Sassuolo, qui vécut de 1502 à 1570. De même pour l'Antonio Moro de la collection Gunther, à Chicago, et pour le portrait du Musée civique de Vicence (fin du XVIe siècle ou début du XVII) qui nous présentent un personnage moustachu, dont la tête est couverte de cheveux courts, alors qu'au temps de Colomb les gentilshommes portaient des cheveux demi-longs, coupés horizontalement, et se rasaient la moustache.

Un grand portrait en pied de ce type est conservé aux Archives des Indes, à Séville; c'est de lui que procèdent le portrait de Marian Manella (XVIIe siècle) possédé par le duc de Berwich y Liria, la gravure insérée en 1794 par Cristoforo Cladera dans son ouvrage sur les découvertes maritimes des Espagnols (1) et le portrait en pied de la collection du duc de Berwich-Alba.

Signalons enfin pour mémoire le portrait offert en 1796 à la municipalité de la Havane par le duc de Veragua. L'inscription: POR CASTILLA Y POR LEON NVEVO MVNDO AYO COLON ne suffit pas à transformer un familier de l'Inquisition en découvreur de l'Amérique.

«

Comme on le voit, Achille Neri avait raison d'écrire en 1894: Si l'on ne tient pas compte des apocryphes, les portraits de notre navigateur se réduisent à deux types: celui de la galerie de Paul Jove et celui qu'a gravé Capriolo.

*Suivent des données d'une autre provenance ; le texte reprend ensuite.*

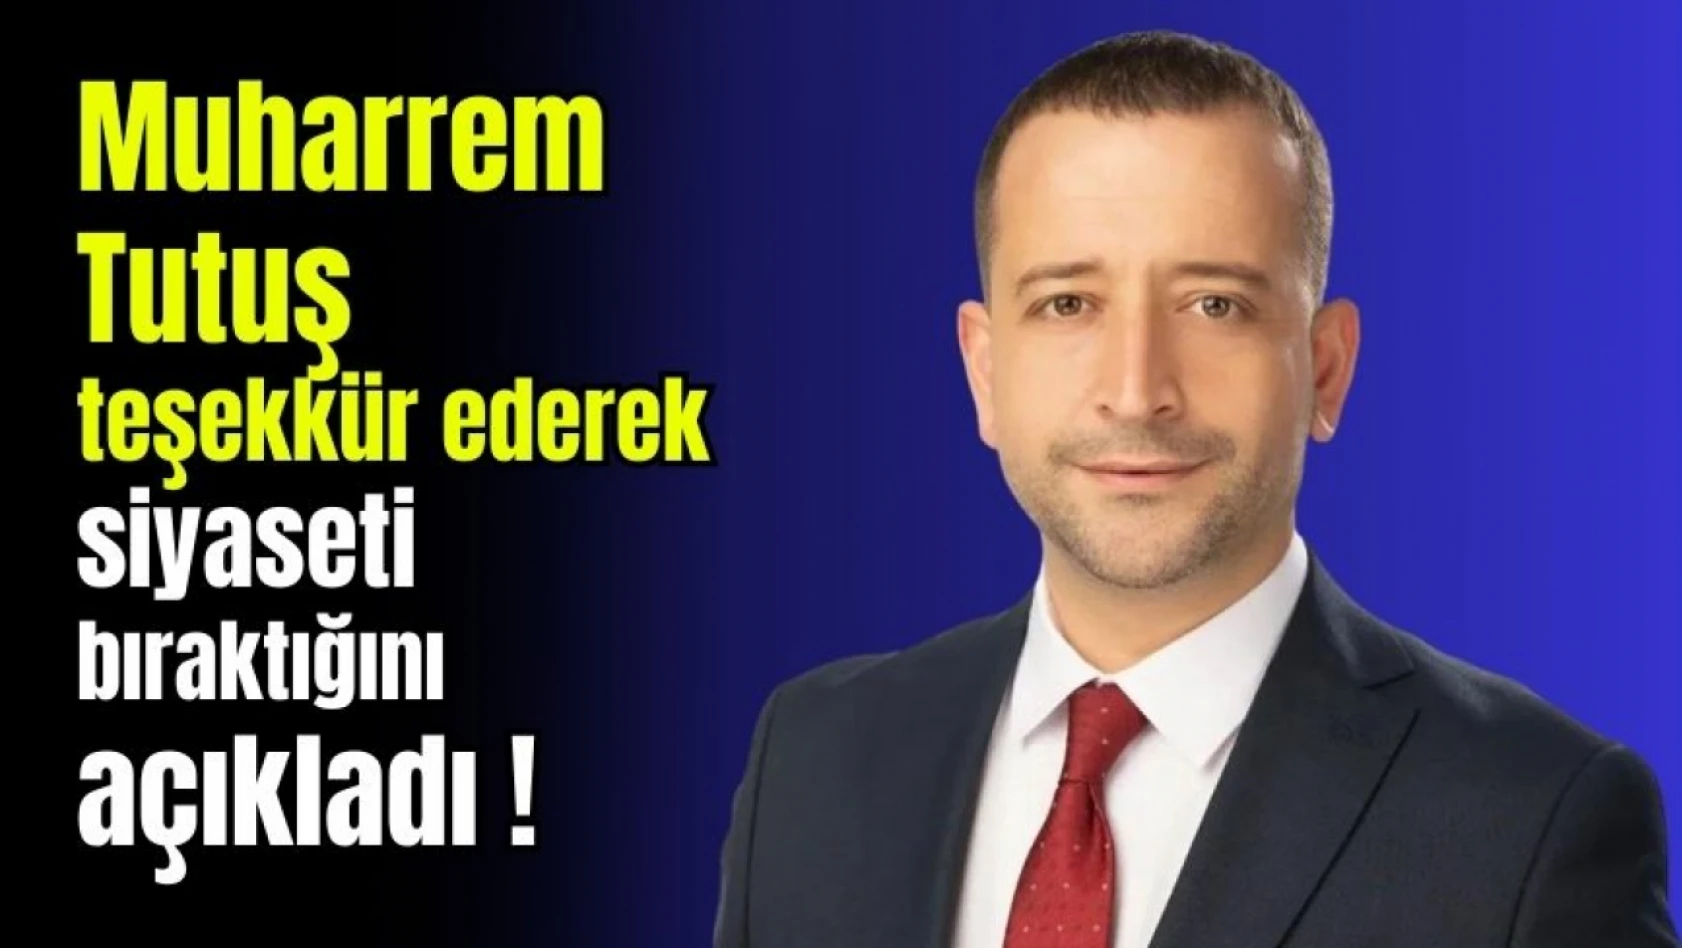 Muharrem Tutuş teşekkür ederek siyaseti bıraktığını açıkladı !

C'est d'eux que dépendent tous les autres ». Mais le judicieux critique s'est peut-être trop avancé en ajoutant: « Ces deux premiers types ont entre eux des signes de ressemblance et de parenté si manifestes, que si nous les confrontons pour étudier lequel dépend de l'autre, il convient de donner la prééminence au portrait de la galerie de Paul Jove et de le considérer comme l'archétype, tant en raison de son mérite intrinsèque que de la preuve historique de son ancienneté » (2).

Tout d'abord, c'est un criterium plutôt singulier que de juger de la valeur iconographique d'un document par son

(1) Investigaciones históricas sobre los principales descubrimientos de los Españoles en el mar Océano en el siglo XV y principios del XVI, Madrid 1794. (2) Achille Neri, loc. cit., p. 271.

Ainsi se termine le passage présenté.